パートナー通信 No.60

目次

子どもの権利条約批准20周年と子どもの権利 代表 大浦暁生

あけましておめでとうございます。本年もどうぞよろしくお願い申し上げます。
 国連に対する次回の「市民・NGO報告書」をつくる仕事がいよいよ本年から始まります。まだ基礎的な作業ですが、それに先がけ昨年12月6日と7日、「DCI日本」と「子どもの権利条約市民・NGO報告書をつくる会」(以下「つくる会」)が合同で、子どもの権利条約批准20周年を記念する集会を開きました。昨年は日本が条約を批准して20年にあたりますが、DCI日本が設立されて20年でもあったのです。
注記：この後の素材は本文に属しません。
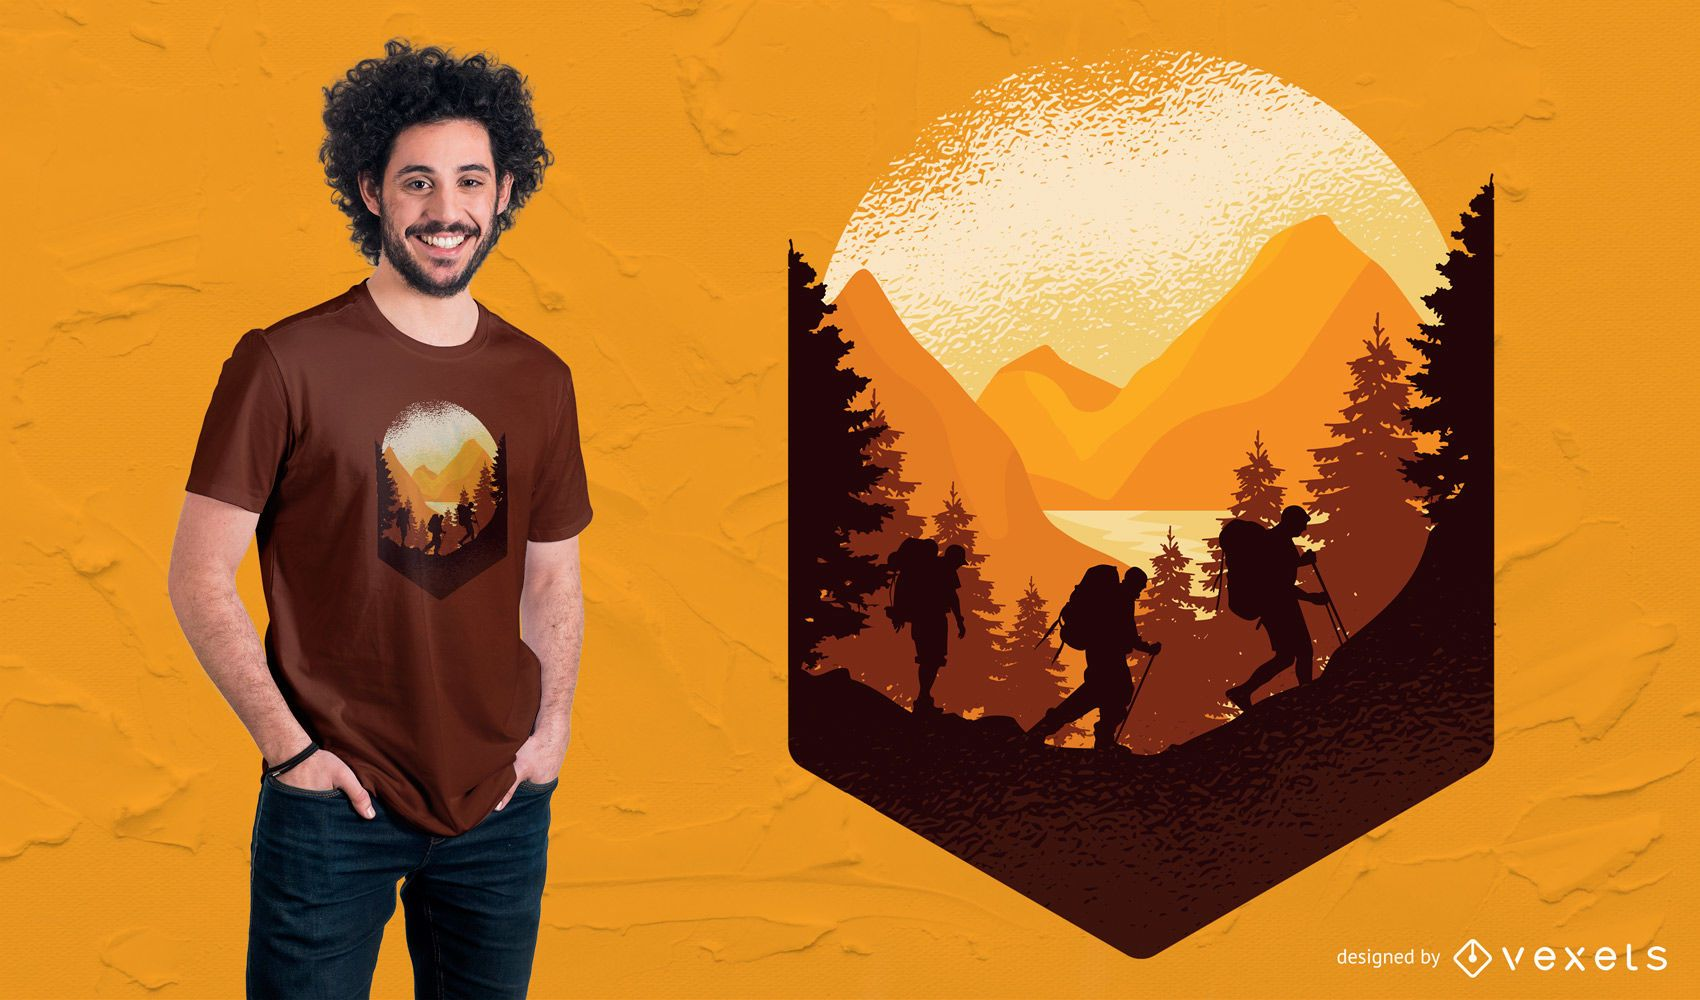 Hiking Outdoors T-Shirt Design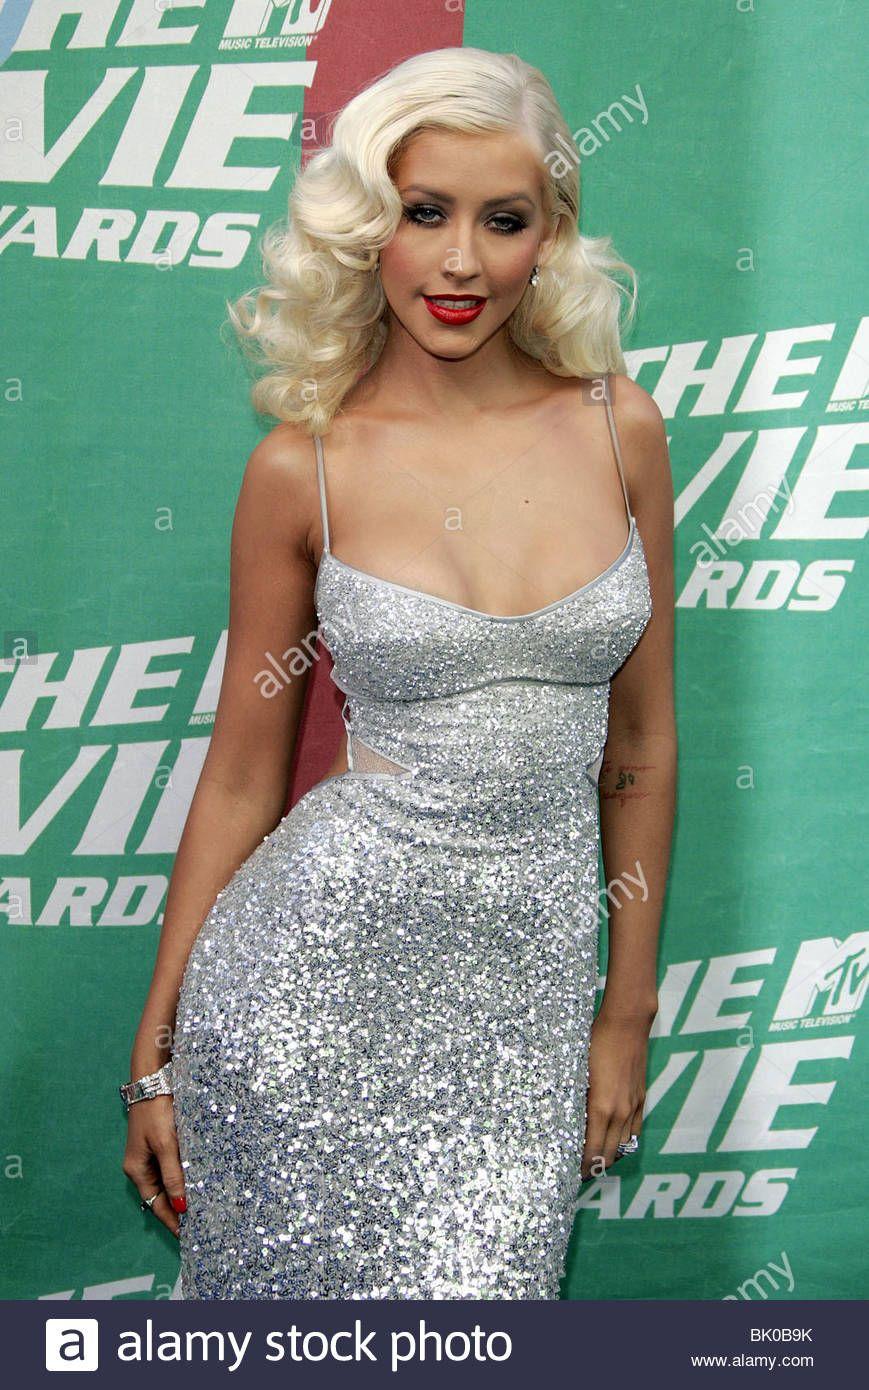 Sideboobs Christina Aguilera nudes (87 photos), Topless, Hot, Selfie, in bikini 2017

 集会では、子育てや教育の場で子どもたちが現在どのような状況にあるかが具体的事例で示されるとともに、この20年で子どもの権利に関する考え方がどう変わり、また現在の社会状況はどうかという基本的な問題が提起されました。子どもの現状の事例は次ページに譲るとして、まず基本的な問題を考えてみましょう。
 子どもの権利への考え方がどう変わったかは、DCI日本の福田代表が話しました。意見表明権の解釈に関わりますが、以前は「自己決定的子どもの権利論」が主流で、子どもは自分のことを自分で決定すべきだとされていました。しかし2005年ごろから、ある年齢以下の子どもに自己決定はむりだという考えが出て、「助けてくれ!」といういわば「欲求表明権」をどう保障するかが問題になってきた、というのです。
 そこで生まれたのが「関係的子どもの権利論」で、大人と子どもの人間関係を重視する考え方です。つまり、大人は子どもの欲求をありのままに受け止め、それに応えてその実現に努力しなければならない。「受容的・応答的対応」とも呼ばれる理由でしょう。この関係性は子どもの自己肯定を促し、大人をも成長させる。「好きな人といっしょに生きる」という生物としての愛情を育み、生命を豊かにするというのです。
 愛情と生命を高めるとは初めて聞きましたが、なるほどと思えます。しかし、「関係的子どもの権利論」が子どもの自己決定の権利を尊重することと矛盾するとは思えません。親や教師など身近な大人に安心してなんでも言える関係が構築され、大人も子どもと率直に話し合うことができれば、子どもの自己決定の能力はむしろ伸びるのではありませんか。
 意見表明権に関わって集会第1日には、東日本大震災の津波で多数の犠牲者を出した石巻市立大川小学校の生存者・卒業生たち子ども6人が登場し、「大川小を震災遺構として残してほしい」と訴えました。この訴えを大人たちは理解してその実現に向けた行動を支援し、子どもたちも自分自身で関係方面に働きかける力をさらに強めてゆくでしょう。
 子どもをめぐる現在の社会状況については、「つくる会」の世取山事務局長が報告しました。現代国家は企業国家になっている、新自由主義を基本に規制緩和と法人税減税を進め、多国籍企業の利益を最優先している、といいます。そのしわ寄せは子どもにも及んでいて、競争主義が強まり貧困が広がるとともに、いじめ、不登校、校内暴力、自殺などが多発し、子どもが「孤立」する状況になっている、というのです。
 現状の具体例は次ページに示されますが、こうした状況から子どもを守る上で日本政府に対する国連の「第3回勧告」は実に有意義です。しかし勧告は、企業に対する規制や過度に競争主義的な教育環境の見直しを説くものの、子どもと大人の関係性の貧困を生存と発達の問題として論じていないなど物足りなさもある、と世取山さんは指摘します。
 今年から始まる国連への「市民・NGO報告書」づくりが私たちの大きな課題であることは言うまでもありません。子どもたちの現状を具体的に見据えながら、子どもたちを守る道も明らかにしたいものです。